Старухе на вид было лет сто, у нее выпали все зубы, из носа торчал седой волос, но взгляд из-под голых, без ресниц, сухих век был ясен, без старческой мути. Она сразу угадывала, зачем к ней пожаловала робкая девушка или болезненного вида матрона.
Они приходили к ней за погибелью и надеждой, за зельем, изгоняющим плод. Они совершали убийство, оправдывая свое кровавое преступление бедностью или бесчестьем. Одни совершали это с брезгливой поспешностью, будто отмываясь от налипшей грязи, другие – с лицемерным сожалением.
Были и такие, кто приходил к знахарке, будто в аптекарскую лавку, и совершал акт изгнания новой жизни, как очищающую процедуру для переполненного желудка.
Мать мальчика была из последних.
Беременность как неизбежная рутинная хворь, как ноющий на погоду зуб. Она скопила медных денег и стянула с пальца единственный подарок мужа, чтобы купить у старухи лекарство от этой хвори.
Старуха её знала. Она не задавала вопросов. Ей давно наскучили жалобные излияния брошенных невест, совращенных девиц или обнищавших вдов. Все их истории были схожи.
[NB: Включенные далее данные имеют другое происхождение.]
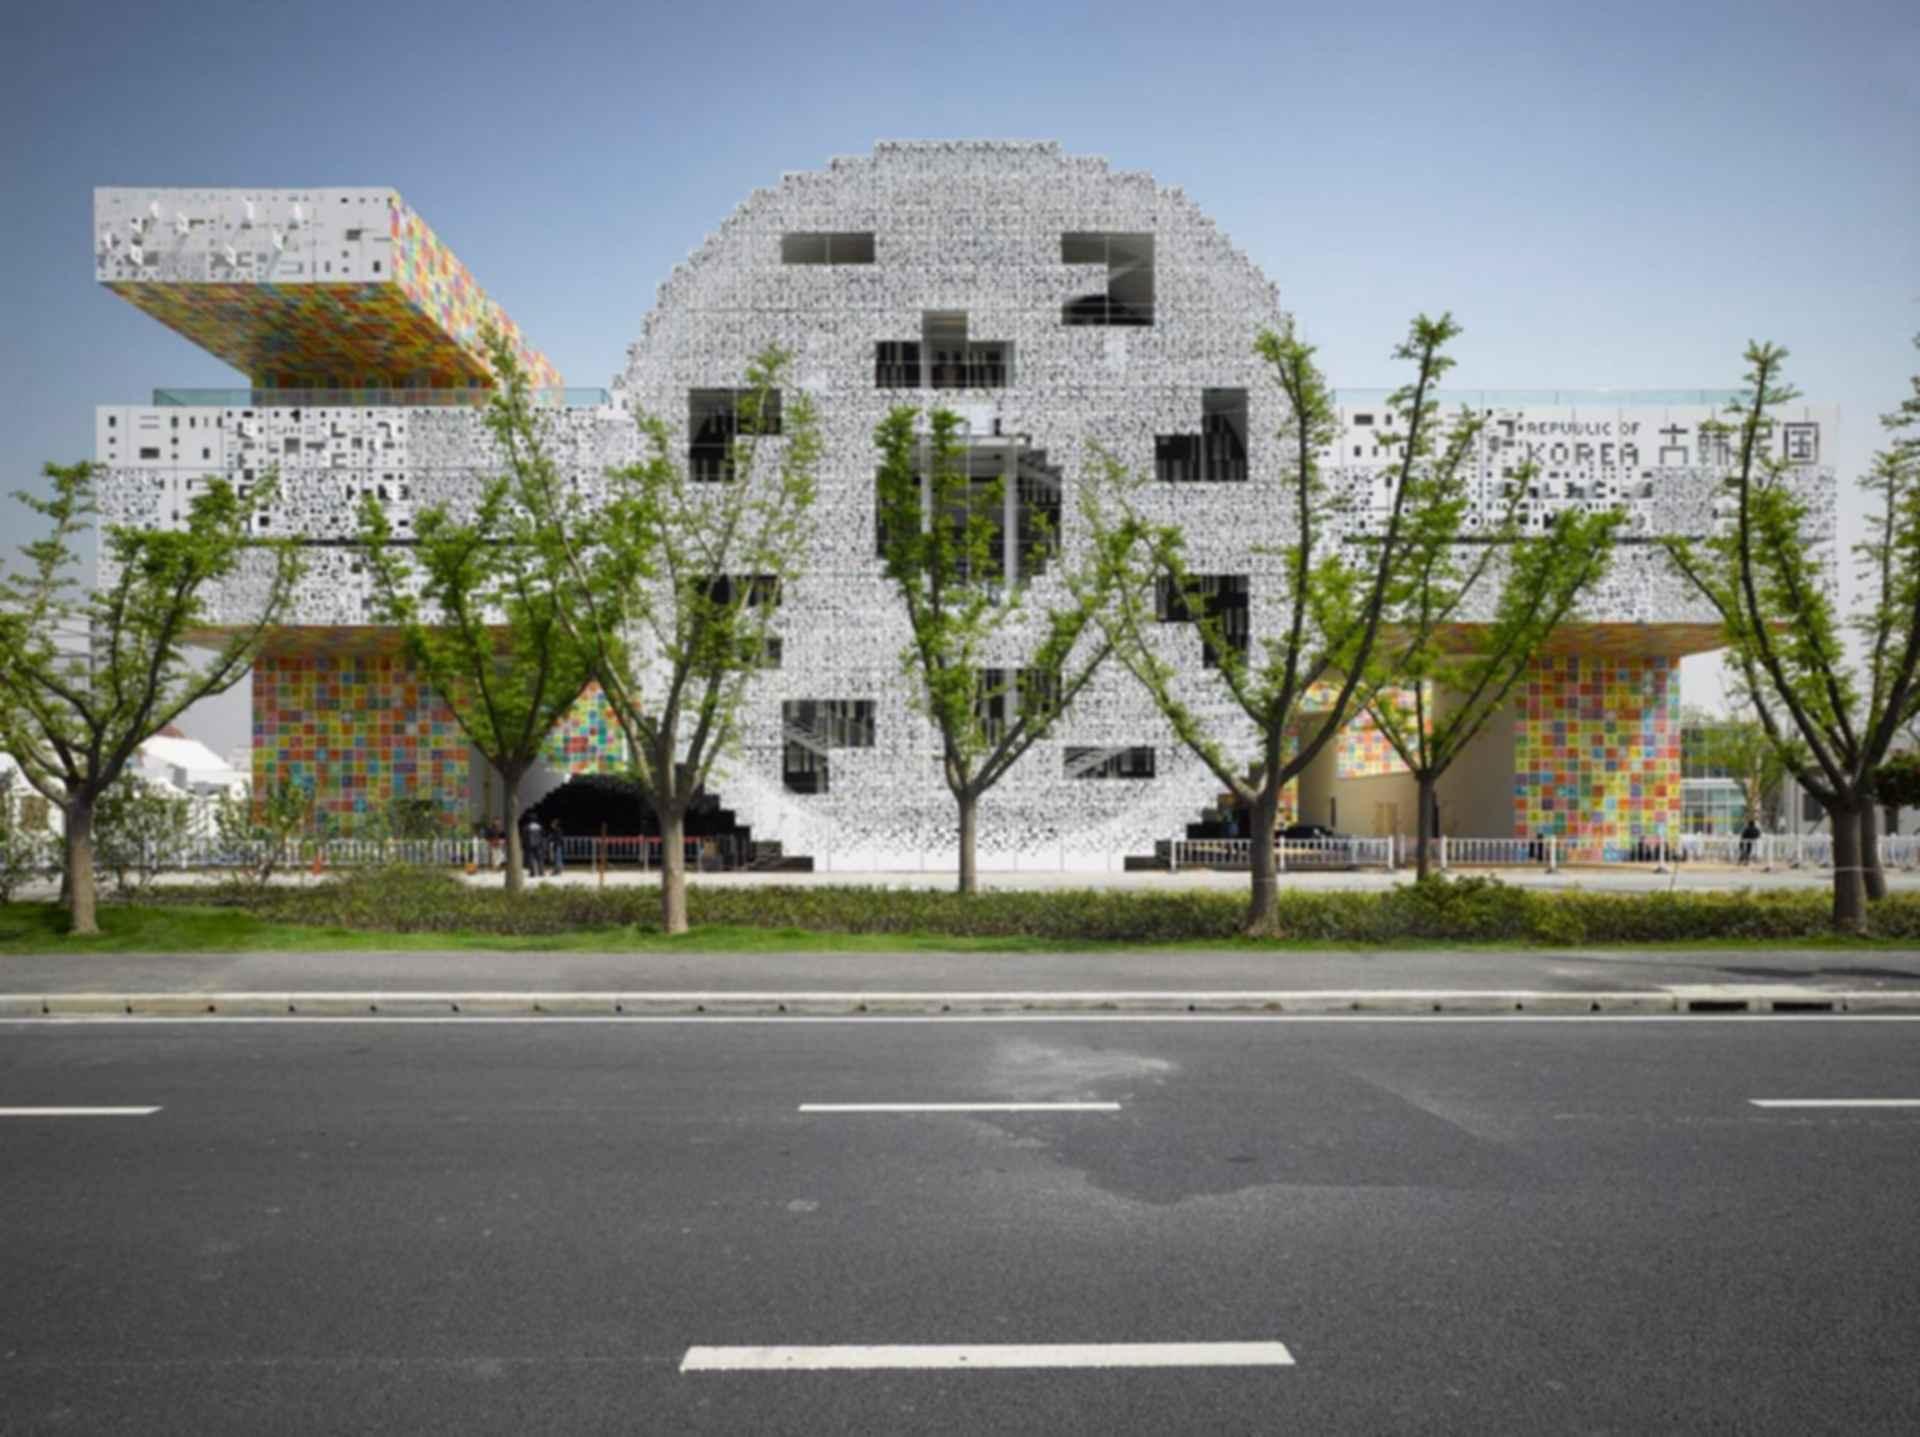 The Korean Pavilion at Shanghai World Expo 2010 - Concept Design/Exterior

Их сочинили очень давно, ещё на заре времен, первые обманутые дочери Евы, и с тех пор в эти истории только вписывались имена. Старуха читала эти истории на лицах, бледных, заплаканных, изможденных, испитых, размалеванных, дерзких и прекрасных.
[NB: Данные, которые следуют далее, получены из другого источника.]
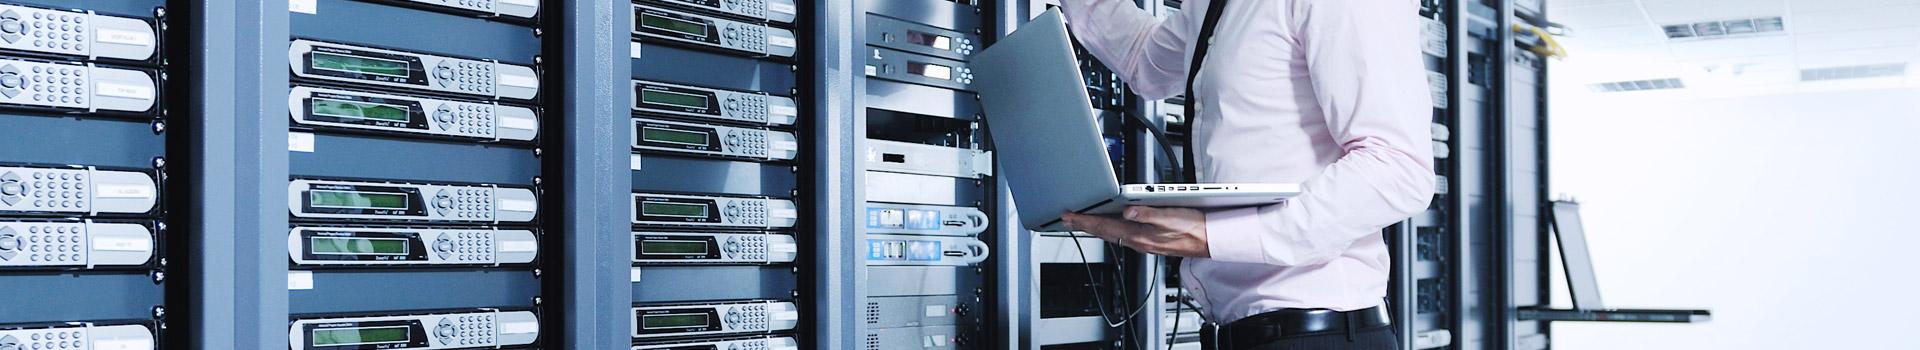 slide hosting server

Историю Мюзет она тоже знала. Поредевшие волосы, красные воспалённые веки и свежий кровоподтек. Ее избил случайный любовник, узнав, что она понесла.
Обнаружив последствия, женщина пришла за зельем, чтобы заткнуть ещё не родившийся лишний рот. Судьба зачатого в пьяном угаре мальчика была — обратиться в кровавый бесформенный комок, который сольют в сточную канаву вместе с помоями, если бы не случай.
В тот же вечер, вернувшись от знахарки, его будущая мать помирилась со своим сердечным дружком и на радостях позабыла о купленной склянке.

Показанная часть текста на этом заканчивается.